I used redis with RDB option only. It used 2GB of memory. When it forked, it used about 10 seconds to completely save the file. When I check up with redis.io site, I found this latency stat:
- Linux beefy VM on VMware 6.0GB RSS forked in 77 milliseconds (12.8 milliseconds per GB).
- Linux running on physical machine (Unknown HW) 6.1GB RSS forked in 80 milliseconds (13.1 milliseconds per GB)
- Linux running on physical machine (Xeon @ 2.27Ghz) 6.9GB RSS forked into 62 millisecodns (9 milliseconds per GB).
- Linux VM on 6sync (KVM) 360 MB RSS forked in 8.2 milliseconds (23.3 millisecond per GB).
- Linux VM on EC2 (Xen) 6.1GB RSS forked in 1460 milliseconds (239.3 milliseconds per GB).
- Linux VM on Linode (Xen) 0.9GBRSS forked into 382 millisecodns (424 milliseconds per GB).
I used dedicated server Xeon E3-1240 machines. Compare to these results above, it used lots more time to save. Is it because all my keys are hash? What should I do to reduce latency and reduce impact to main Redis process to query?
from the Redis INFO output, the relevant metrics for fork time and save to disk are:
The redis.io notes talk about the fork time, not the time taken to fully persist the file on disk.
The time taken to fully persist on disk depends on the speed of both your CPU and the storage (disk or disks) itself. You'd need to look at vmstat or iostat output (assuming you're on Linux). In the author's case it's 2GB to store on disk after all... Whether the keys are Hash or not does not come into play. Hash is usually a good choice for fitting more into memory however.
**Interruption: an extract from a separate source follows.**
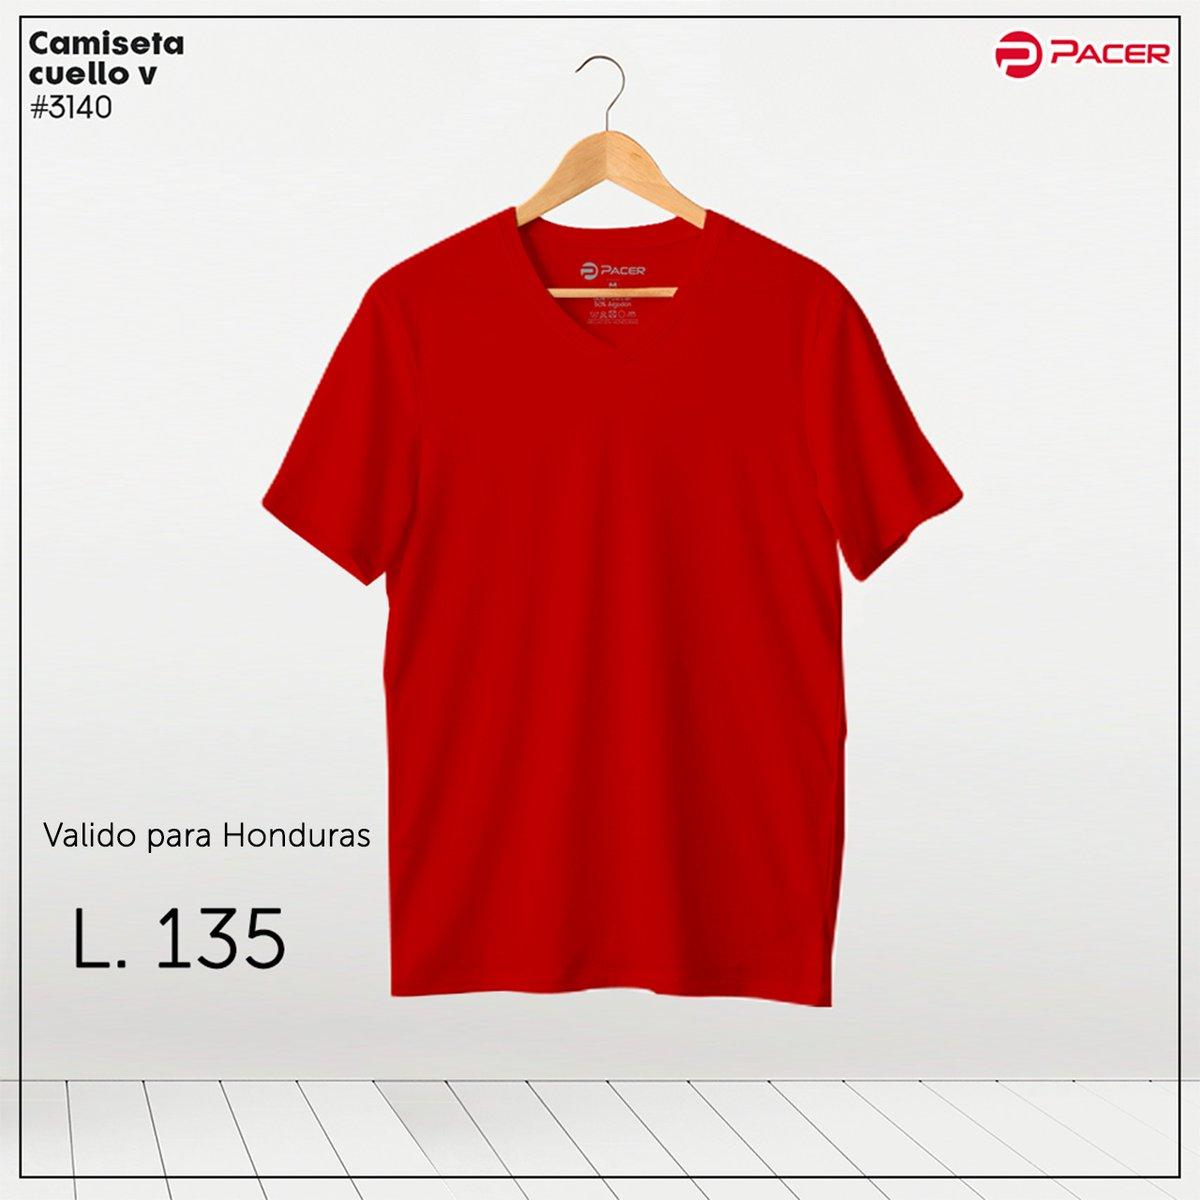 Disfruta las camisas Pacer en tonalidad roja #tiendascarrion https://t.co/odoEu6wUp6

The save-to-disk time can have very little relevance or alot of relevance... it depends on how affected your Redis process is during the save-to-disk process..
But again; do note that the fork time is usually what is the actual problem, even if it's milliseconds, that's when the latency usually happens, since it's blocking during the (brief) memory copy. The actual save to disk, like I said, may or may not be something you need to worry about at all. It's performed in a background thread.